2 INTRODUCED by the Technical Committee for Standardization TC 183 “Vibration and Shock”

3 APPROVED AND ENTERED INTO EFFECT by Order of the Federal Agency for Technical Regulation and Metrology dated December 18, 2008 No. 640-st

4 This standard is modified from the international standard IEC 60068-2-80:2005 “Tests for exposure to external factors. Part 2-80. Tests. Fi test. Vibration combining effects of different types" (IEC 60068-2-80:2005 "Environmental testing - Part 2-80: Tests - Test Fi: Vibration - Mixed mode") by introducing technical deviations, the explanation of which is given in the introduction to this standard.

The title of this standard has been changed from the title of this international standard to comply with GOST R 1.5-2004(clause 3.5)

5 INTRODUCED FOR THE FIRST TIME

Information about changes to this standard is published in the annually published information index “National Standards”,A text of changes and amendments- in the monthly published information indexes “National Standards”. In case of revision (replacement) or cancellation of this standard, the corresponding notice will be published in the monthly published information index “National Standards”. Relevant information, notices and texts are also posted in the public information system- on the official website of the Federal Agency for Technical Regulation and Metrology on the Internet

Introduction

This standard establishes a test method for vibration strength and vibration resistance of machines and equipment of all types, which during operation are exposed to broadband vibration of complex shapes.

The test method uses digital control systems to produce broadband random vibration in combination with harmonic and/or narrowband random vibration. To implement this method, mainly electrodynamic or hydraulic vibration stands are used.
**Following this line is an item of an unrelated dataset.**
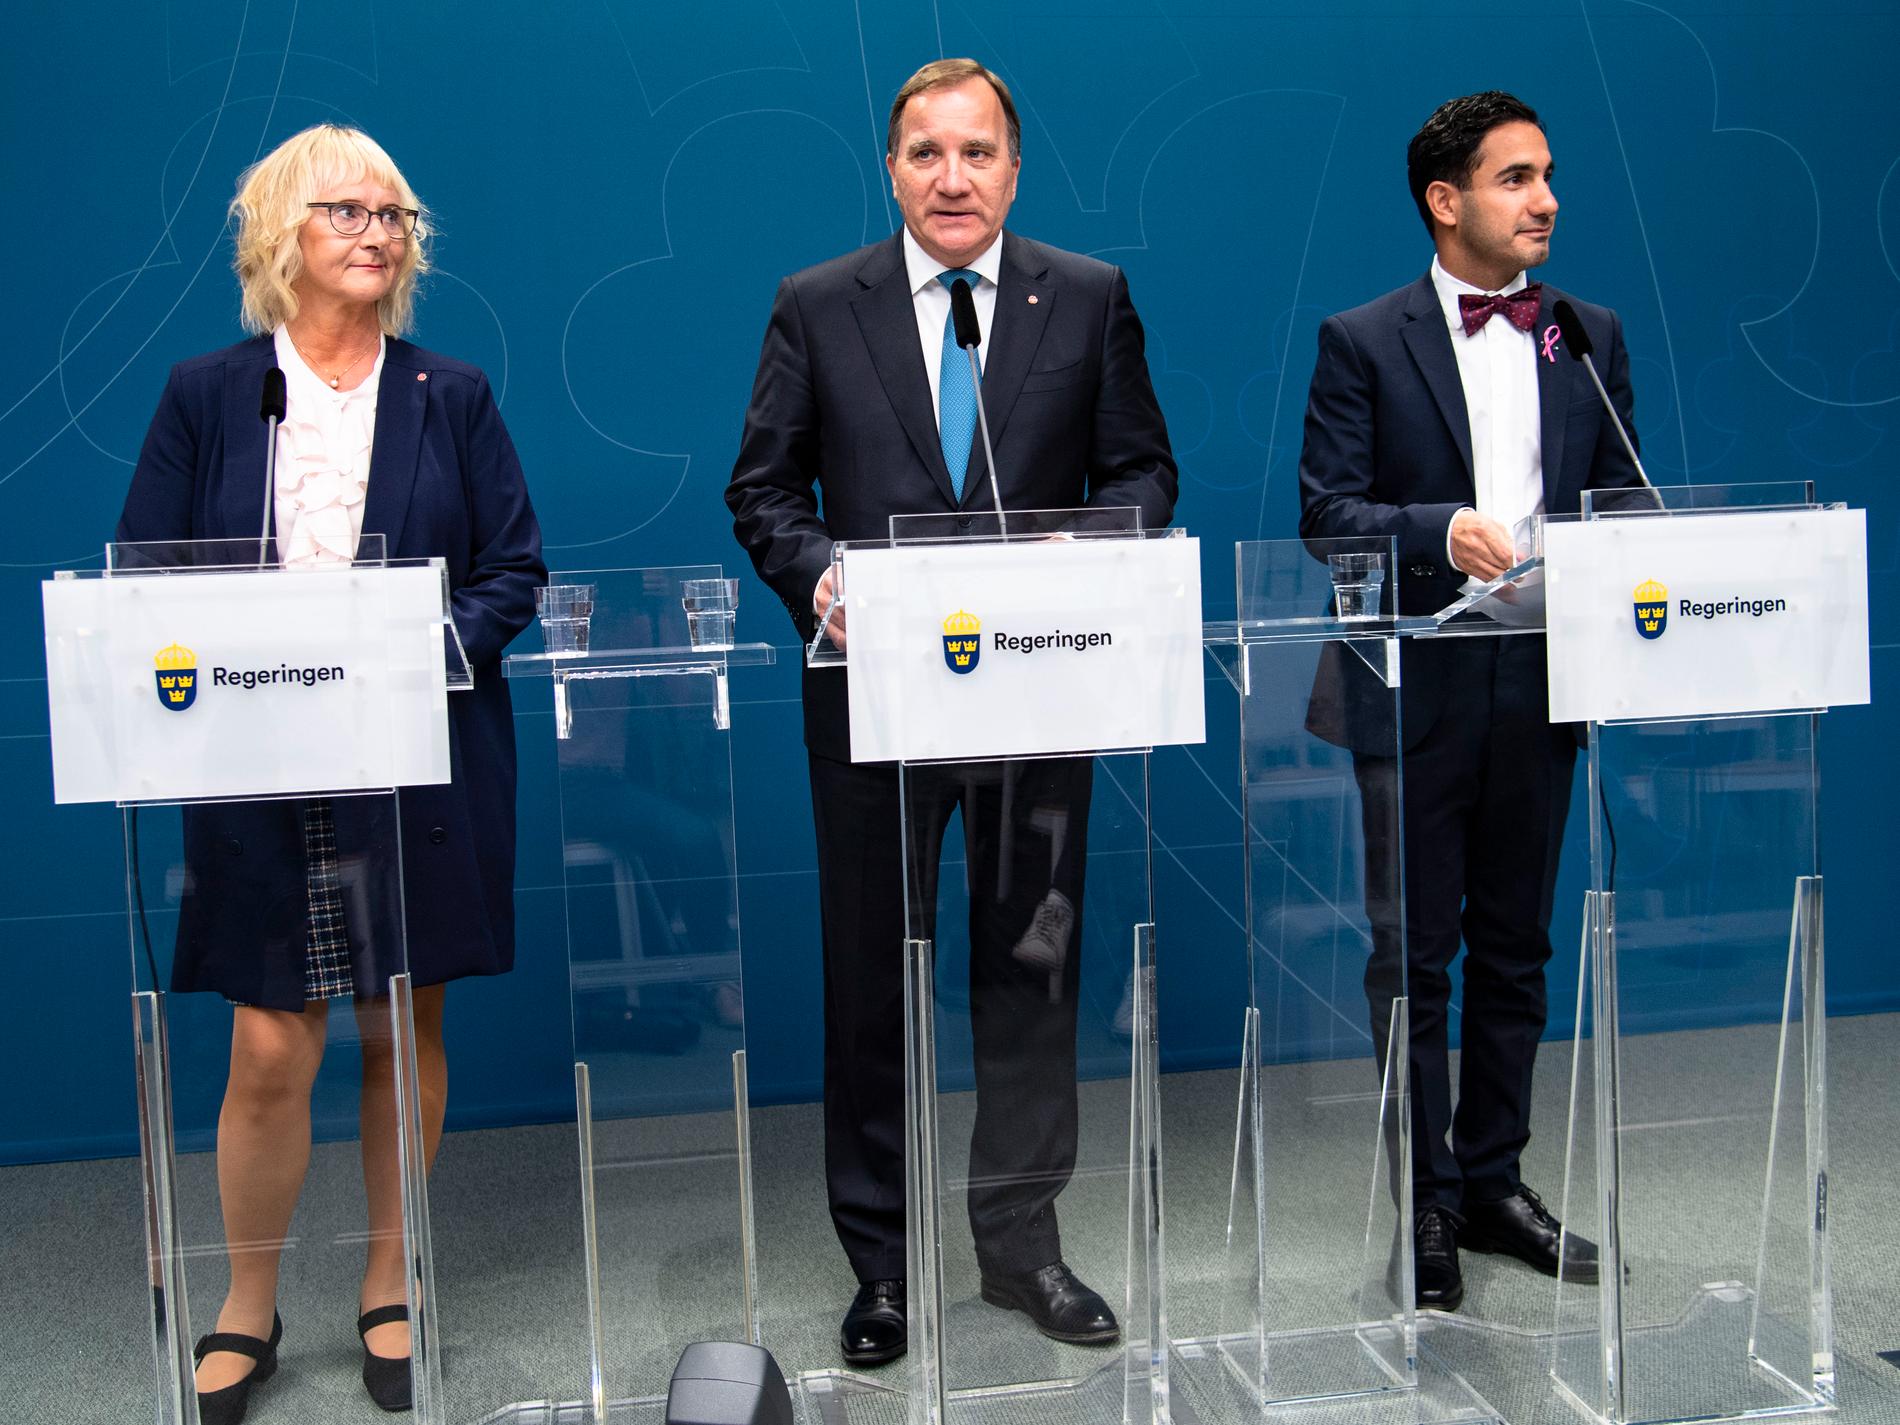 Lena Micko, ny civilminister, statsminister Stefan Löfven och Ardalan Shekarabi, ny socialförsäkringsminister.

The results of vibration tests depend on the qualifications of the personnel conducting them, which should be known to both the customer and the test performer. When drawing up a test procedure, vibration impacts of those types that correspond to the actual conditions of use of the product should be indicated as reproducible excitation.

In comparison with the international standard IEC 60068-2-80:2005, this standard has been supplemented with references in italics and indicating its place in the set of GOST 30630 standards, united by the general group heading “Test methods for resistance to external influences of machines, devices and other technical products "

NATIONAL STANDARD OF THE RUSSIAN FEDERATION

Date of introduction - 2010-01-01

1 area of ​​use

This standard applies to machines, instruments and other technical products of all types (hereinafter referred to as products) and establishes test requirements to verify their ability to withstand the effects of broadband vibration of complex shapes.

The purpose of the tests is to confirm the ability of the product to withstand vibration impacts established by standards or technical specifications for products (hereinafter referred to as regulatory documents), without significant damage (vibration strength tests) and deterioration of its operational characteristics (vibration resistance tests). In this case, it is recommended to use measurement data carried out in real conditions of use of the product when specifying reproducible vibration.

Tests carried out in accordance with this standard are capable of detecting fatigue damage resulting from exposure to complex broadband vibration to assess the suitability of the product. In addition, this standard may be used to demonstrate the mechanical strength of a product's design.

This standard is intended for use when testing samples of products that, during transportation or operation (for example, on an aircraft or spacecraft) may be subject to random vibration in combination with other types of random or deterministic influences, as well as when testing products in transport container, if the latter can be considered as an integral part of the product,

This standard is used in conjunction with GOST 30630.0.0, which establishes general requirements for testing for exposure to external factors.

2 Normative references

This standard uses normative references to the following standards:

3.9.1 average control averaging strategy: A method of determining the control signal by averaging each frequency component over all test points.

3.9.2 control By extreme value(extremal strategy): A method of determining a control signal by selecting an extreme value of the controlled parameter for each frequency component across all test points.

3.10 MAX/SUM: A method for specifying the spectral acceleration density (see 3.14) for narrowband random vibration reproduced under test conditions against a background of broadband random vibration.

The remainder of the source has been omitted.